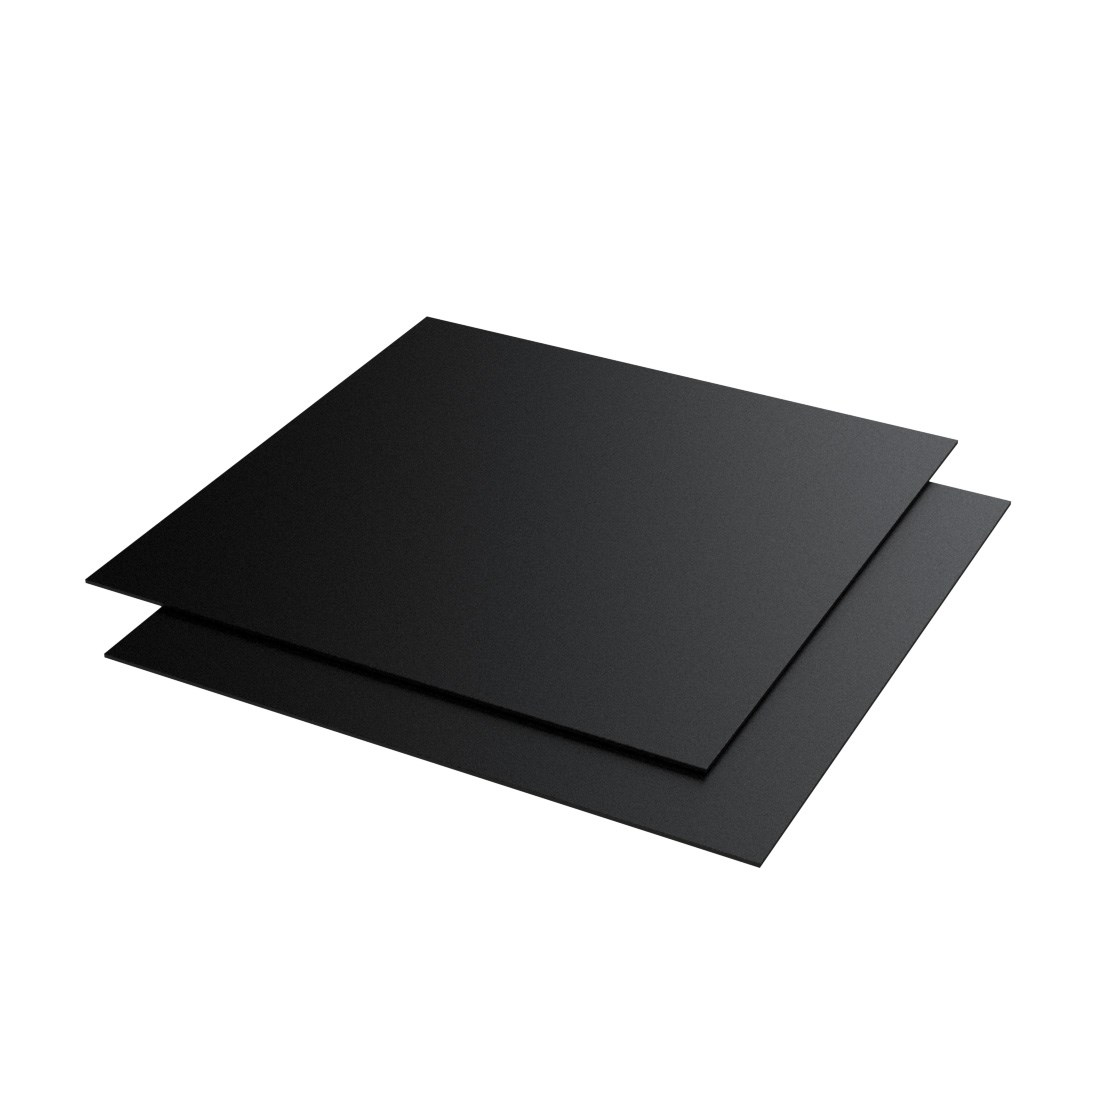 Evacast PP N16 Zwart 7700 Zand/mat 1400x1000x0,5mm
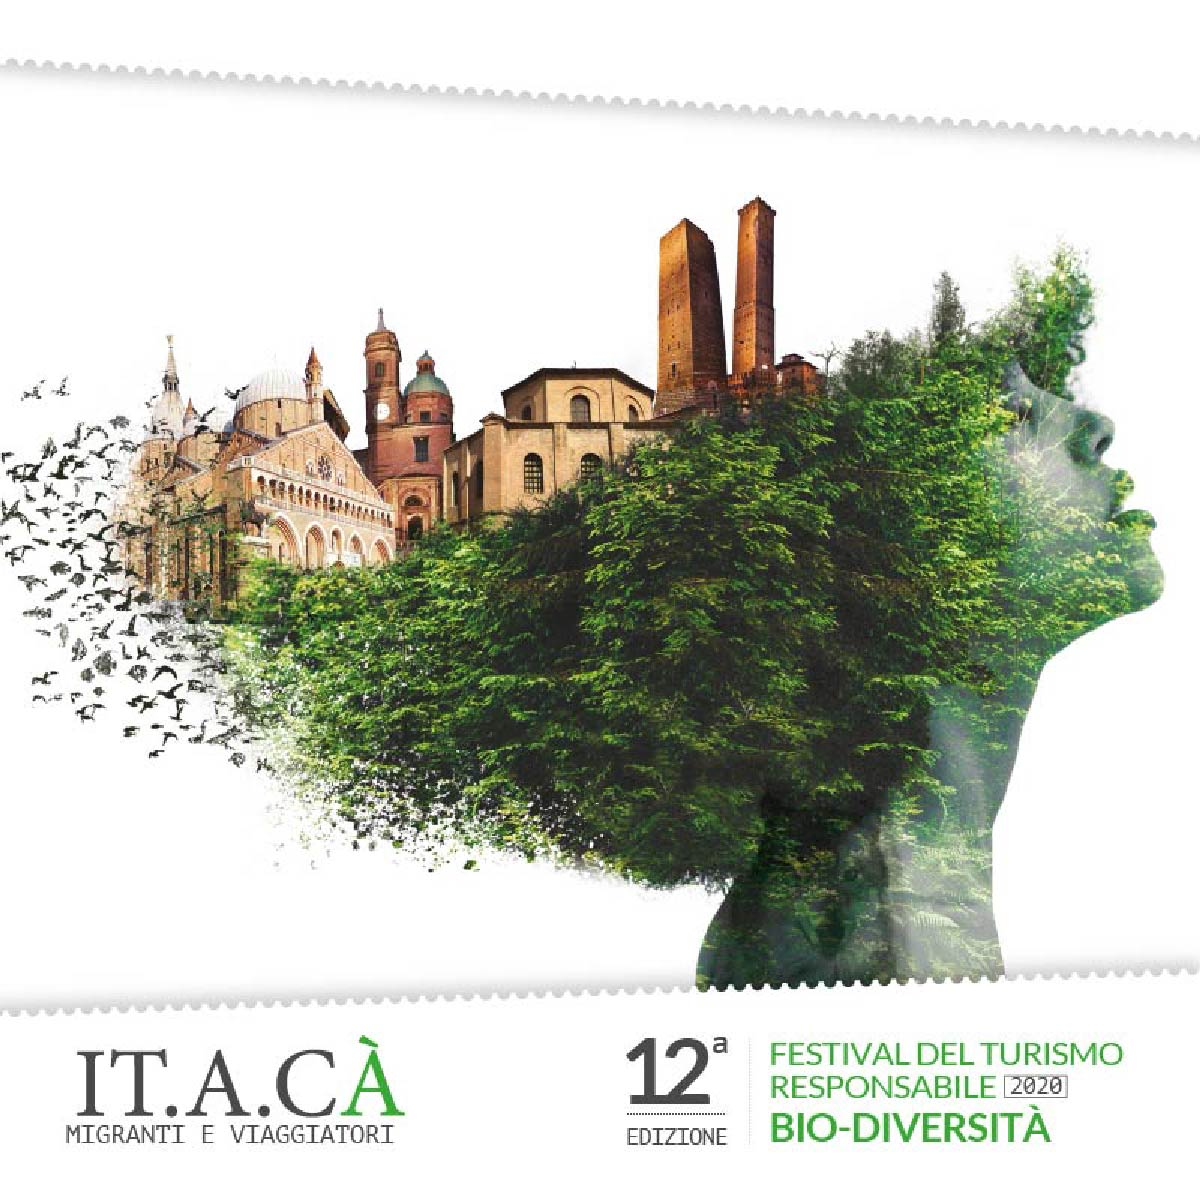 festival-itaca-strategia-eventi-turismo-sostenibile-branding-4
-=-=-=-=-
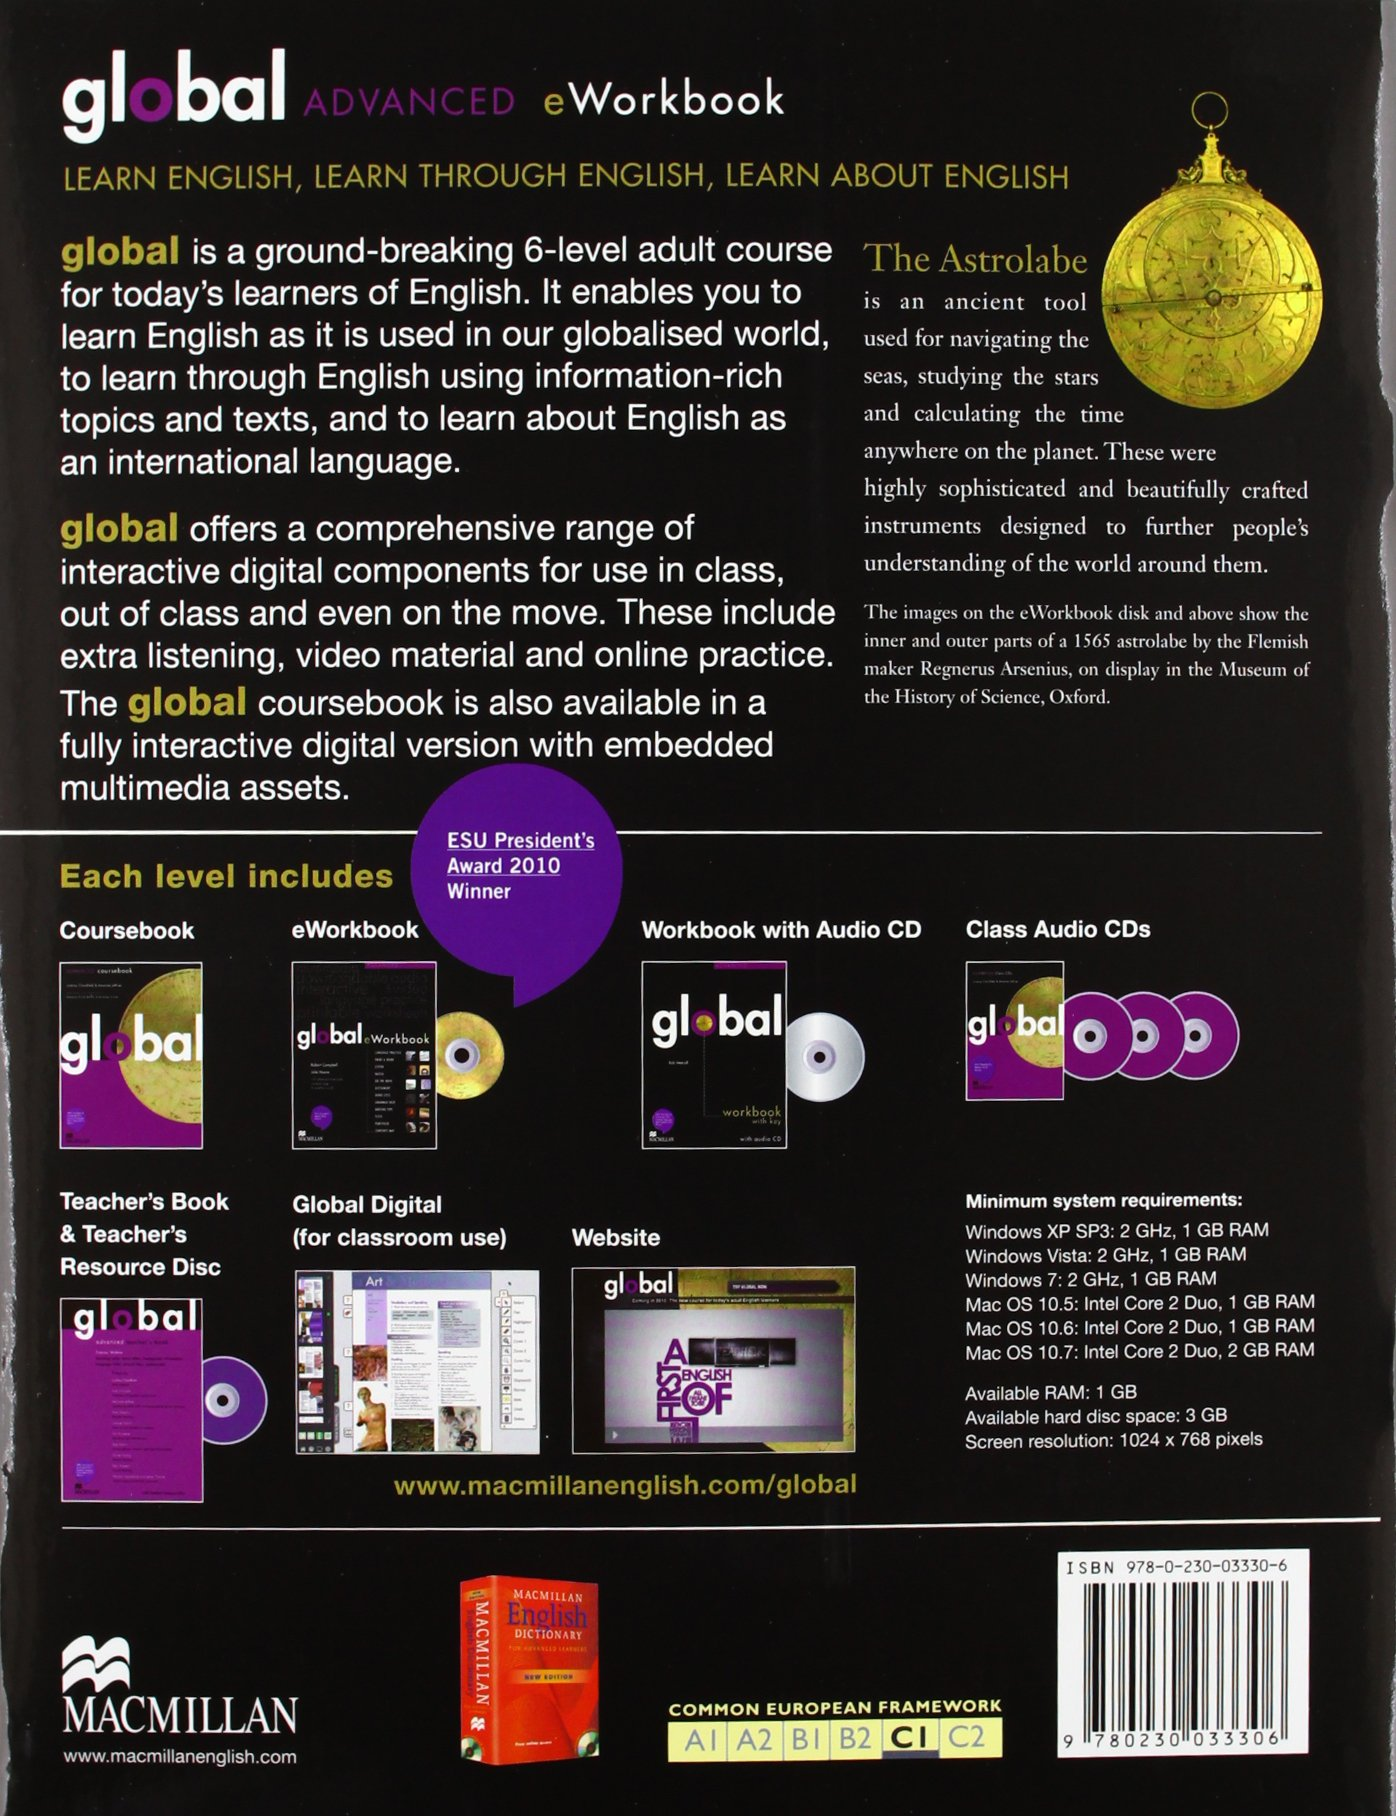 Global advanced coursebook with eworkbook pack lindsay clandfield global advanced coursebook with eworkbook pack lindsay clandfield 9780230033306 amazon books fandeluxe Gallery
-=-=-=-=-
§ YOUR OBJECTIVE: After locating "Evacast PP N16" and "festival-itaca-strategia-eventi-turismo-sostenibile-branding-4" in the records above, return exactly the line holding each one and every line between them; leave out the pictures.

§ TASK RESULT:
 Evacast PP N16 Zwart 7700 Zand/mat 1400x1000x0,5mm
 festival-itaca-strategia-eventi-turismo-sostenibile-branding-4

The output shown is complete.